Undercomplete Autoencoders

Undercompleteness just points to the hidden layer being of lower dimensionality than the input.

Convolutional autoencoder may make more sense - do they exist? You can map anything to anything, right? They must exist…

I think undercompleteness as a concept make sense but may not be true in practice. In practice learning to copy is too hard, and so the network ends up doing anything else anyways. But actually, with skip connections it’s totally possible. Autoencoding resnets may make it too easy.

The idea that it learns the same subspace as PCA… I guess it’s similar, in that you have a weight matrix to a lower dimension and some reconstruction error.
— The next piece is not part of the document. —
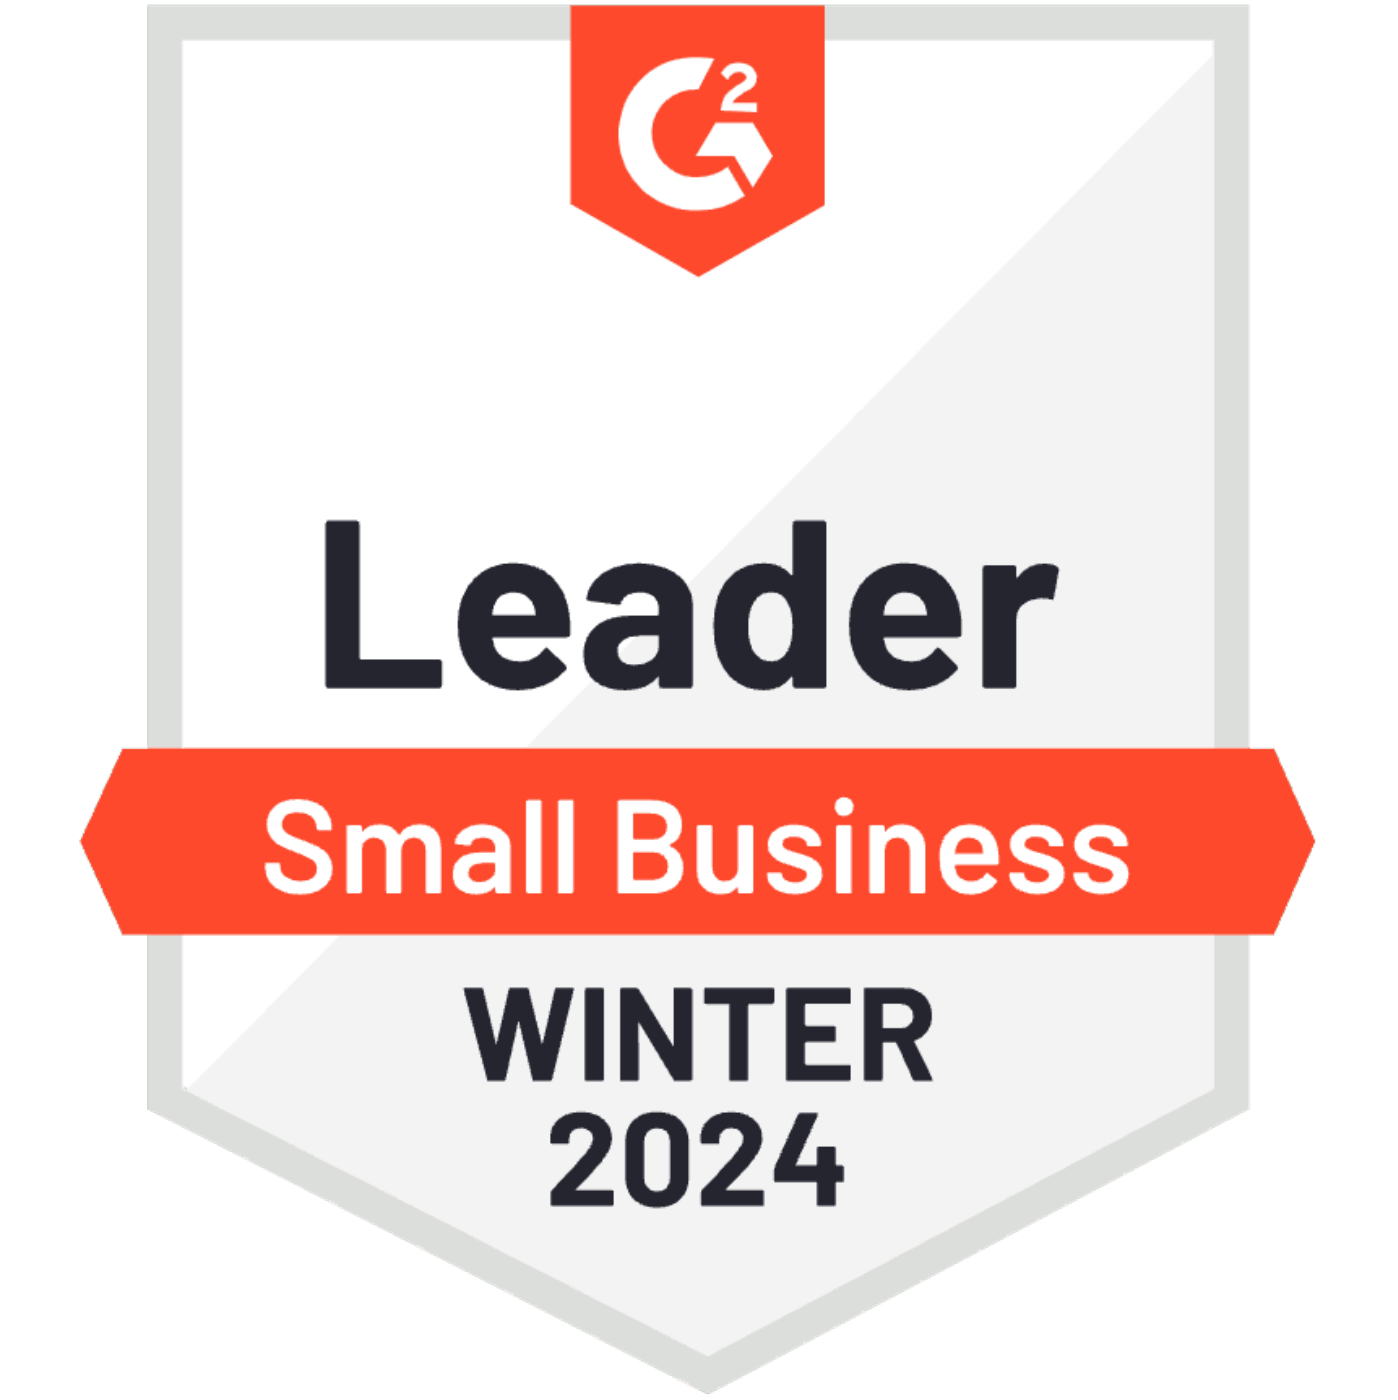 G2 Badge: Leader Small Business Winter 2024

If you have no non-linear activations, that may just work.

Regularized Autoencoders

I hadn’t thought about this, but regularization in an autoencoder to avoid copying is extremely reasonable. The truth is that you actually want an overcomplete representation of the particulars of your data, becasue the abstract knowledge that touches your data is much much greater than the datapoint in particular that you’re looking at. And if you want to represent that abstract knowledge, you need dimensionality far greater than the pixel space of your image or whatever.

Interesting! Diff between VAE / generative stochastic networks and autoencoders is looking to maximize the probability of the training data rather than recreate the input.

I didn’t know that VAEs were descendents of helmholtz machines - maybe I should figure out what a helmholtz machine is.

Sparse Autoencoders

For a reason I don’t quite see, sparse autoencoders (through regularization) can’t be interpreted as having priors (in the technical sense) because priors are independent of the data, and these penalty terms are not data independent…

The interesting thing is the frame of autoencoders as generative models, once they’ve learned a good latent representation for the input.

They go on to describe sparse autoencoders as resulting from priors with a heavy weight on zero, like the Laplace distribution and the student t distribution.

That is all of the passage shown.